Eventually we all run into a situation that makes us cringe: the users want to design their own reports. If this were something as simple as giving users a color picker and some visual layout tools, that would be one thing. Most of the time it’s more complex. Business users know their problem domain very well; they want to be able to view widget sales for the last three quarters broken up by sales person, location, and four other factors that you couldn’t possibly dream of, but you know you have the data for. What are the best options? How do you get the job done?
It’s no secret that I’m a fan of dynamic SQL and when you’re building ad hoc reports, dynamic SQL can be the quickest way to get the job done. For those of you unfamiliar with the term, dynamic SQL is SQL that has been built in the database in response to inputs from some outside source. Dynamic SQL is frequently used to respond to two separate code paths. For example:
IF @SearchDate < DATEADD(yyyy, -10, GETDATE())

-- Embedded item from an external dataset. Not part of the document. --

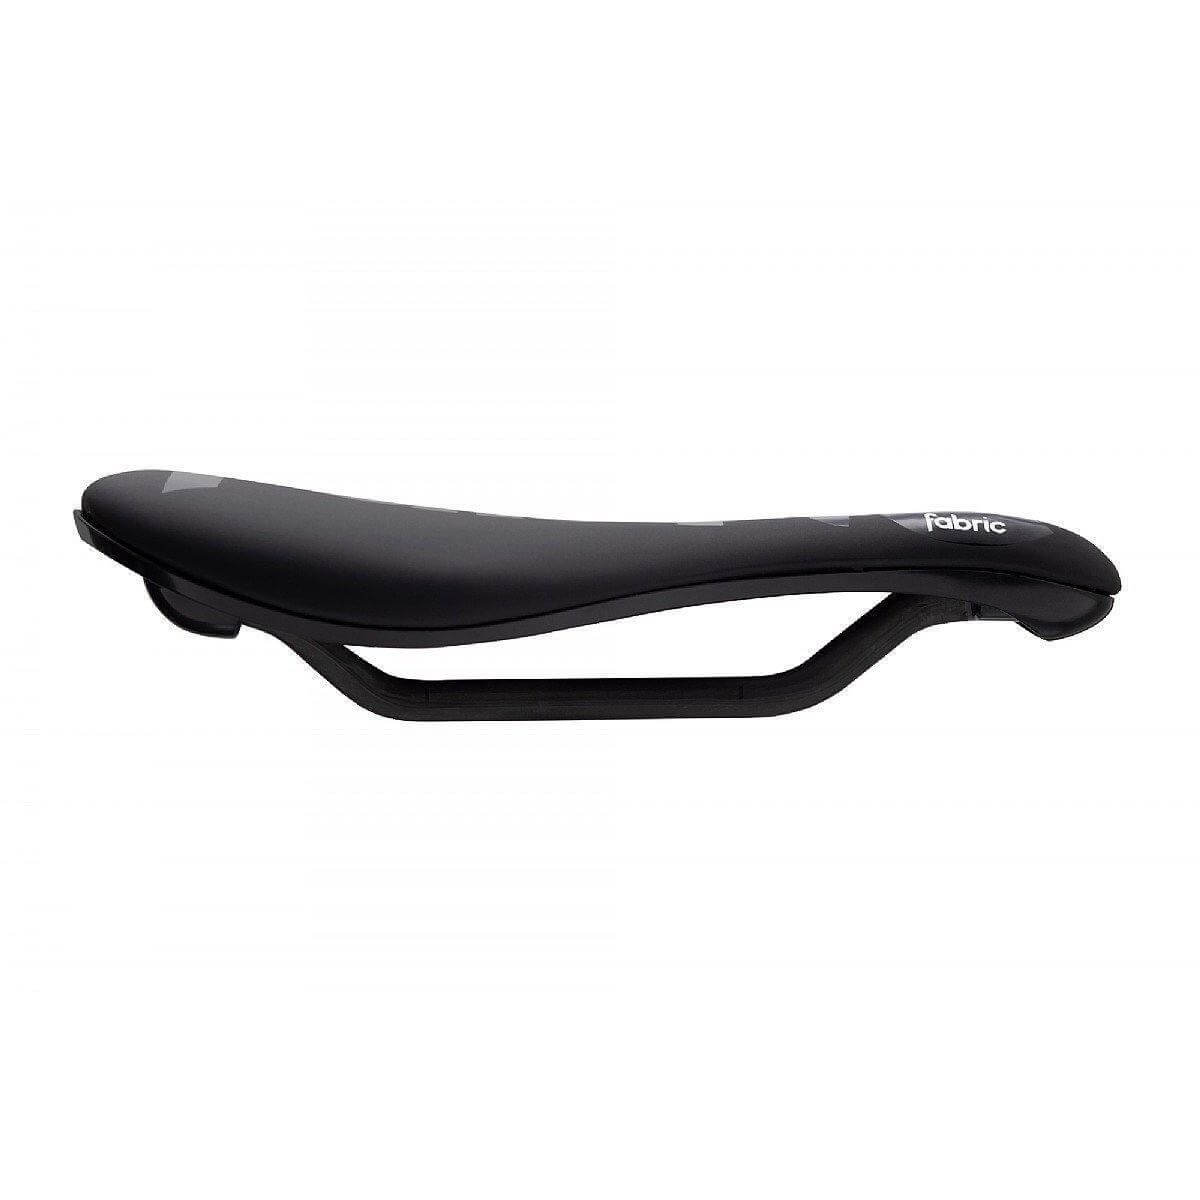 Fabric Line S Pro Flat Saddle | Strictly Bicycles

SET @sql = @sql + 'FROM Archive.SalesOrderHeader';
SET @sql = @sql + 'FROM Sales.SalesOrderHeader' ;
Depending on the age of the data, the code will read from one of two tables. The idea, of course, is to keep our implementation invisible from the user. This doesn’t tell us how we can use dynamic SQL to respond to ad hoc queries from users.
In order to use dynamic SQL to respond to user reports, the features must meet some pretty strict requirements – we need to be able to base all of our ad hoc reports on a stable core query. “Stable core query” is just my way of saying “all of these reports join to the same base set of tables.” This makes it easy to dynamically add join conditions to the end of the
FROM clause. In effect, we’re just shoving strings together in the database to get data back to the users.
Unfortunately, dynamic SQL doesn’t always produce the best results. It’s difficult to build true ad hoc querying capacity with dynamic SQL. Users can be given a reasonable facsimile of dynamic SQL by providing many canned choices, but creating this SQL may be time consuming, error prone, and ultimately it can become difficult to maintain. The more options that users have, the more complex the T-SQL becomes. Clearly this pattern doesn’t work for large applications.
Lucene and SOLR
Apache Lucene is an open source search engine written in Java. SOLR adds functionality like document indexing (PDF, Word documents, etc), database integration, geospatial search, and faceted search. Both of these products are free and scale independently of SQL Server. Another benefit is that Lucene and SOLR can be fed documents to index in many formats – XML, JSON, PDF, or Word docs are all acceptable. Developers merely have to point the documents at SOLR and they will be indexed.
If you think this sounds an awful lot like full text search, you’d be right. Lucene and SOLR share a lot with SQL Server’s full text search feature. One of the big differences is that they exist outside of the database. Another difference is that you can query SOLR directly and return all of the fields that you want without having to read from tables in a database.
What’s more, SOLR has a very fluent search syntax making it possible to many types of complex queries. SOLR’s rich syntax makes it very easy to construct complex queries according to user needs without having to worry about writing SQL that can perform the underlying search. Finding sales data for the third quarter of the last five years where the sale contained headphones would look like this:
items_sold:headphones sale_date:[NOW-5YEARS/DAY TO *] quarter:3. It’s certainly not something that business users could write, but neither is SQL.
I’m not a huge fan of OLAP databases because I fear all things I don’t understand.
Okay, that last paragraph is a lie. SQL Server Analysis Services is a fantastic way to build crazy reports, the likes of which the world has never seen. I hadn’t even thought of this mechanism until I talked with a client recently and they told me what they were doing to deliver ad hoc reporting. New or modified data is marked with a timestamp. The data is periodically fed into an Analysis Service cube, right now this is once a day. The users get ad hoc reporting capabilities through the cube. The data currently isn’t real time enough, but the cube processing is fast enough on the current hardware that the frequency could be increased dramatically.
Here’s the best part: many different tools can be pointed at the cube to make this happen. Right now, users are generating reports with Excel and pivot tables, but nothing says that additional front ends can’t be stood up. Excel, Power Pivot, and SQL Server Reporting Services all make it easy for users to create their own reports and get to data in ways that the business can use.
What’s Your Secret?
There are as many ways to implement ad hoc reporting as there are developers implementing it. What are some of the ways that you’ve seen ad hoc reporting implemented. Sound off in the comments.